Samuel John Stratford (1802-1871)

Samuel John Stratford was born in England in 1802 and trained at St. George's and Westminster Hospitals in London as a student of George James Guthrie (1785-1856), founder of the Royal Westminster Ophthalmic Hospital. In 1828, prior to moving to Canada, Stratford published "a Manual of the Anatomy, Physiology and Diseases of the Eye and its Appendages," a book well received by the medical community and praised in the Lancet.

Stratford emigrated to Canada in 1830 and began a medical practice in Bytown (Ottawa) in 1831, where he was responsible for the Bytown Military Hospital during the cholera epidemic of 1832. In 1835, Stratford moved to Woodstock, Ontario, after receiving a land grant of 200 acres in Zorra Township from Sir John Colborne, the Lieutenant-Governor of Upper Canada. He was appointed a member of the Medical Board of Upper Canada in 1838 and practiced in Woodstock for 20 years.
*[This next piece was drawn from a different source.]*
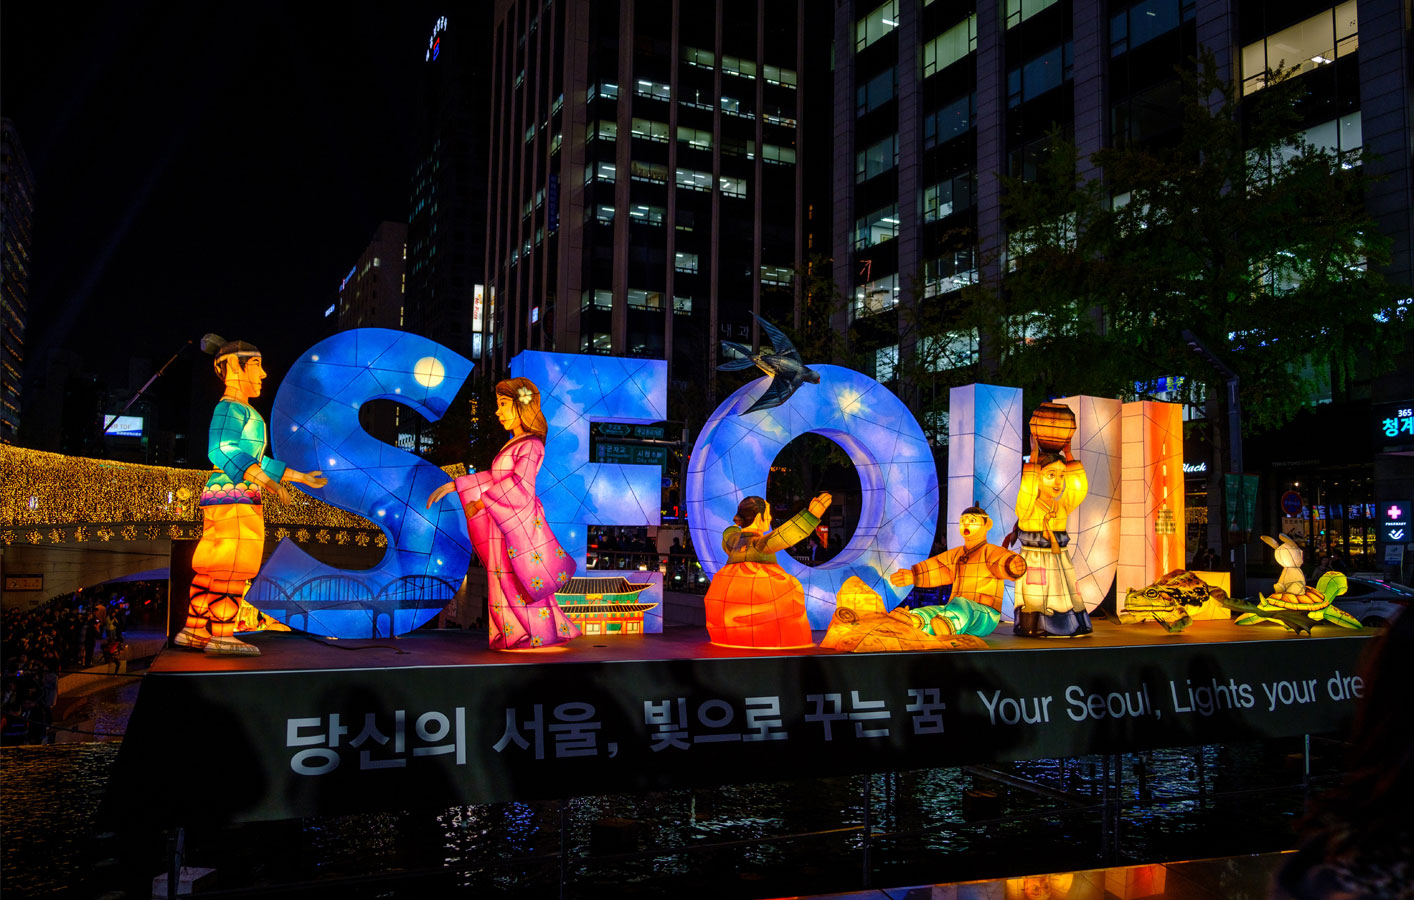 disguise opens office in South Korea to better serve one of its fastest growing markets
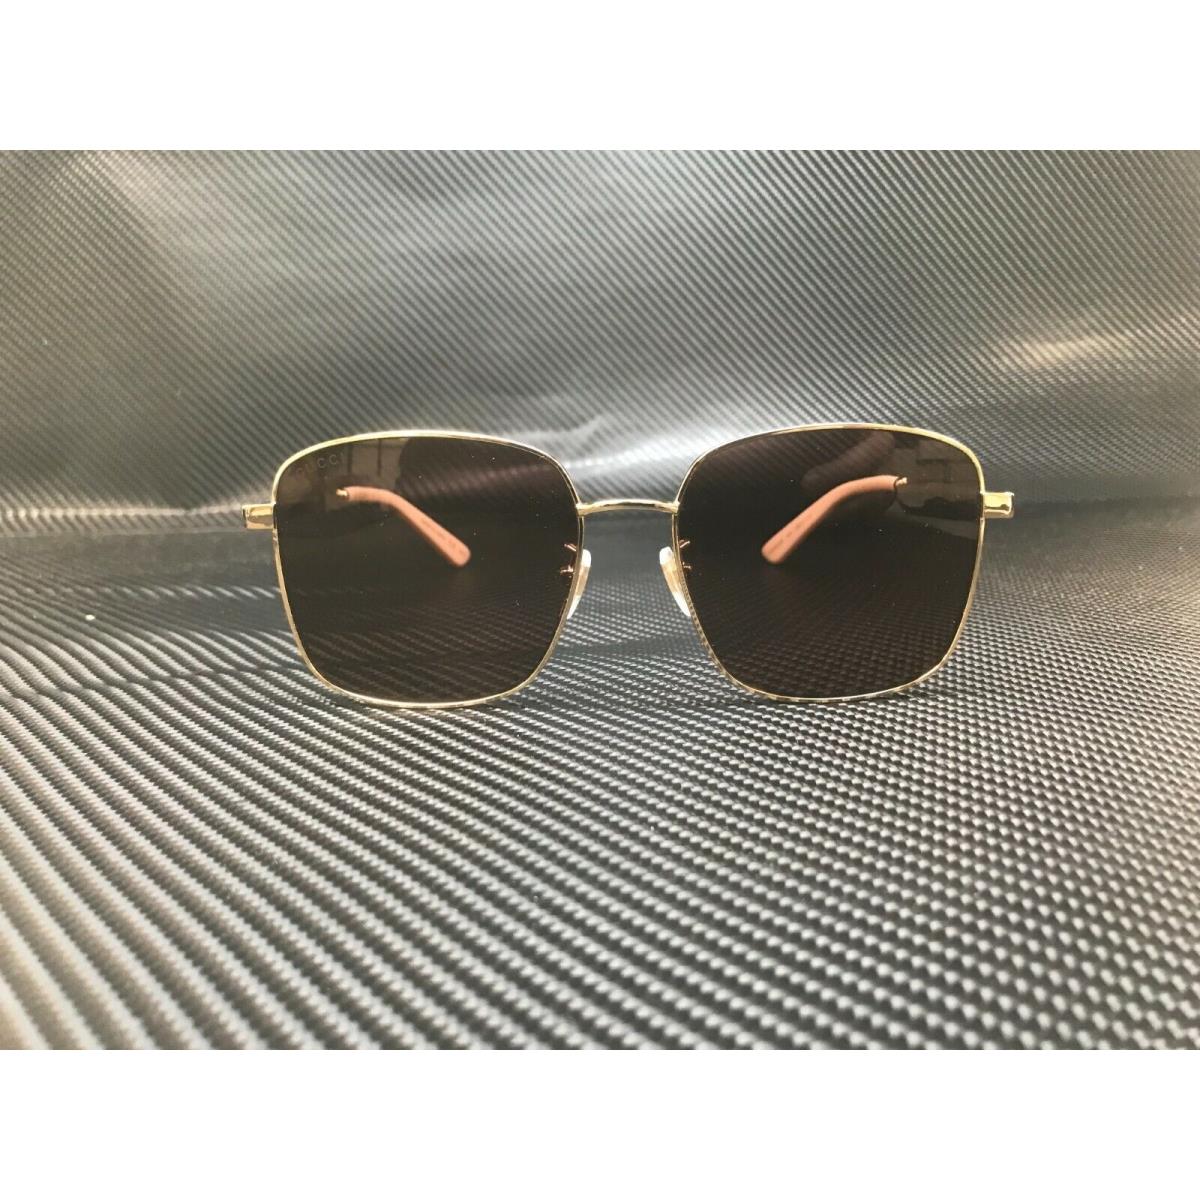 Gucci sunglasses  - Gold Frame, Brown Lens

Stratford moved to Toronto in 1850 as an established surgeon and oculist and practiced there for 10 years. He lectured on anatomy at the medical department of Victoria University in Toronto, known as "Rolph's School". He also established the first eye hospital in Toronto, the Toronto Dispensary for Disease of the Eye, at the corner of King St and Church St.

Stratford was controversially outspoken about many subjects including the two competing medical schools in Toronto, and called for a merger of the institutions. As editor of the Upper Canada Medical Journal of Medical, Surgical and Physical Science, Stratford had a prolonged dispute with Beaumont over the journals' publications. In 1854, one year after becoming editor, the journal ceased publication and in 1855 Stratford left Toronto. He did not return to Woodstock, as stated in several documents, rather he moved to Aukland, New Zealand, where he practiced until his death in 1871.